EEOC Transparency Rule Nixed. On June 30, 2021, President Biden signed a resolution rescinding the U.S. Equal Employment Opportunity Commission’s (EEOC) regulation that requires EEOC attorneys to be more transparent with their demands during the conciliation process. Because the rule was rescinded pursuant to the Congressional Review Act, the EEOC will generally be prohibited from future attempts to clarify the conciliation process, absent express consent from Congress. For more on the future of pressing EEOC policy issues, check out our forecast in part three of our multi-part blog series on recent developments at the EEOC.

EEO-1 Filing Deadline Extended. Speaking of the EEOC, the Commission has extended the deadline for employers to submit their EEO-1 forms. Kiosha H. Dickey and James A. Patton, Jr. have all the details.
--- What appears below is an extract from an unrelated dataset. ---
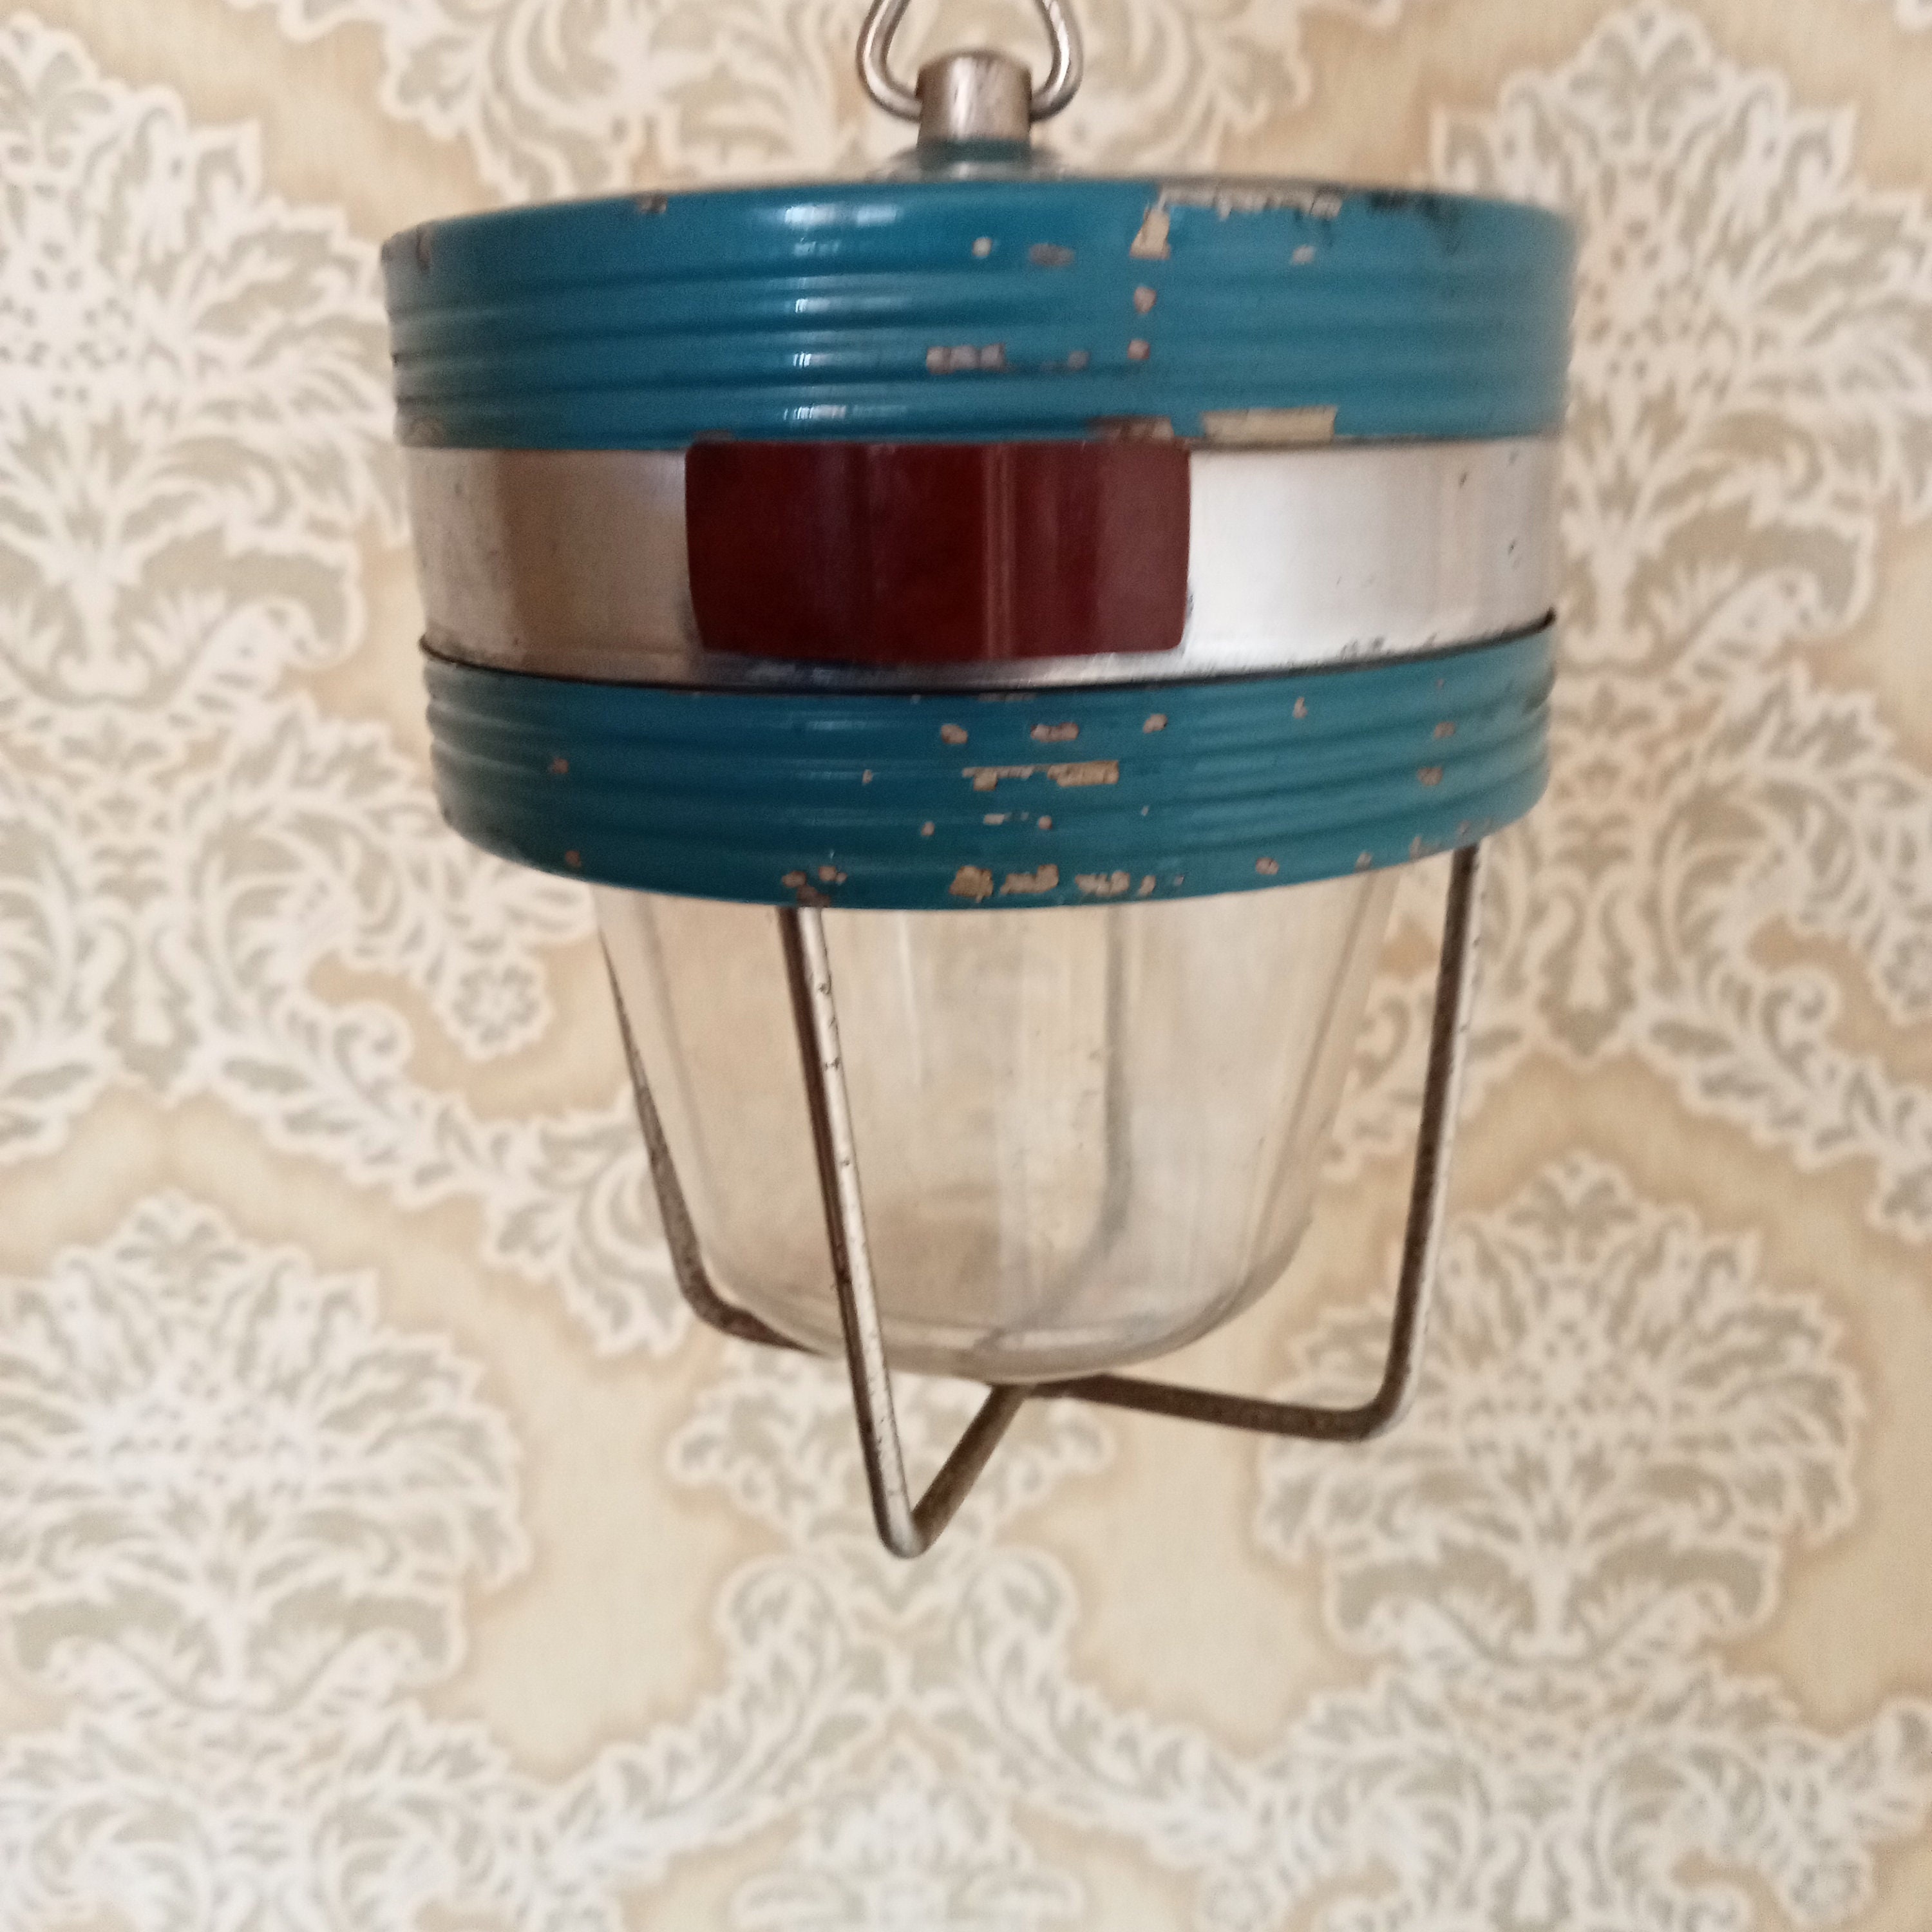 Camp lighting, classic camping style – the folding candle lantern

Voters Wary of PRO Act. As part of the ongoing lobbying campaign over the Protecting the Right to Organize Act of 2019 (PRO Act), this week the Coalition for a Democratic Workplace released the results of a survey regarding the public’s opinions of the bill. A bipartisan firm surveyed more than 1,000 voters and concluded, among other findings, that:

  • “70% of voters are concerned about the PRO Act abolishing state right-to-work protections.”
  • “70% of voters are concerned that the PRO Act limits the ability of individuals to work as independent contractors.”
  • “68% of voters are concerned about the PRO Act interfering with small business’ access to legal advice on labor law matters.
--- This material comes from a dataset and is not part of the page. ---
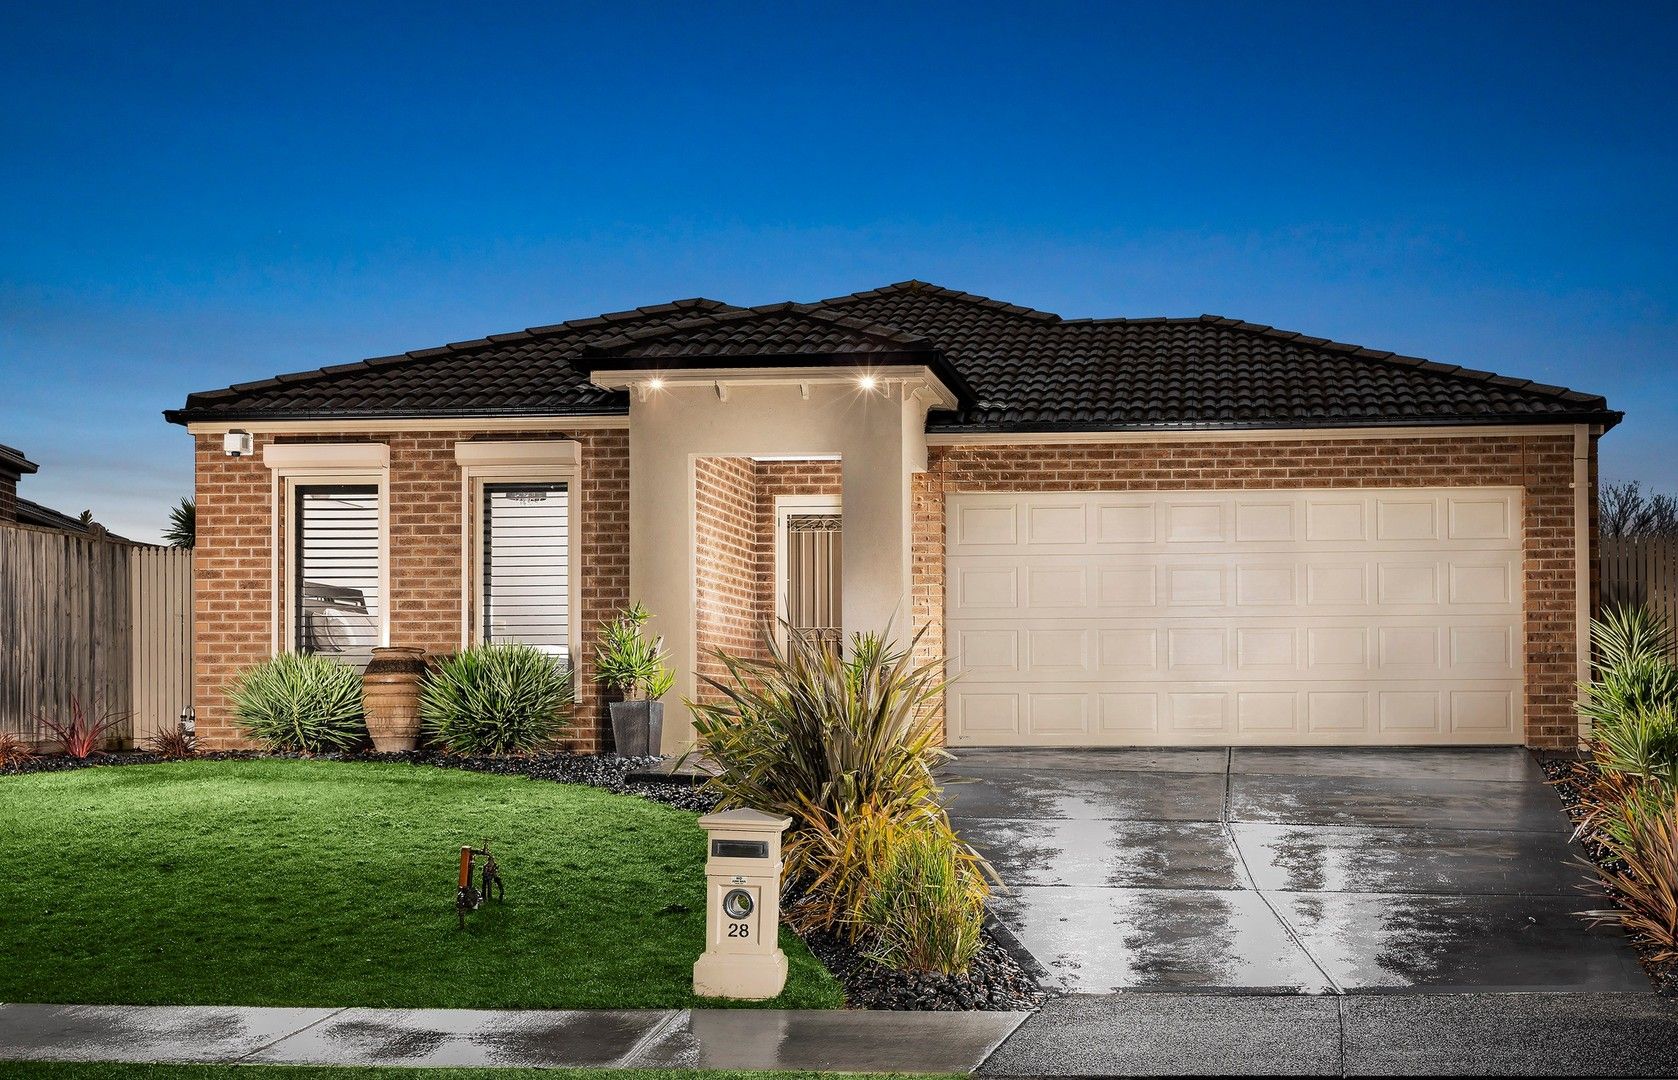 4 bedrooms House in 28 Sanctuary Crescent ROWVILLE VIC, 3178

The PRO Act remains stalled in the Senate for now, and advocates on both sides will undoubtedly continue their lobbying efforts.

Life is a Highway. Much of the debate in Washington, D.C., these days is focused on a legislative infrastructure package to provide funding to rebuild our roads, bridges, and waterways. Thus, it is fitting that this June 29 marked the 65th anniversary of the enactment of the Federal Aid Highway Act of 1965. The historical statute, signed into law by President Dwight D. Eisenhower, authorized $26 billion dollars—generated from an increased gasoline tax—for the construction of a 41,000-mile network of interstate highways. The bill’s primary congressional champions were representative Hale Boggs (D-LA) (who is presumed to have died in a 1972 plane crash in Alaska along with representative Nick Begich) and Senator Albert Gore, Sr. (D-TN) (who was “Al Gore” before the 45th vice president was “Al Gore”). Today, the longest interstate highway is I-90, which connects Seattle, Washington, with Boston, Massachusetts.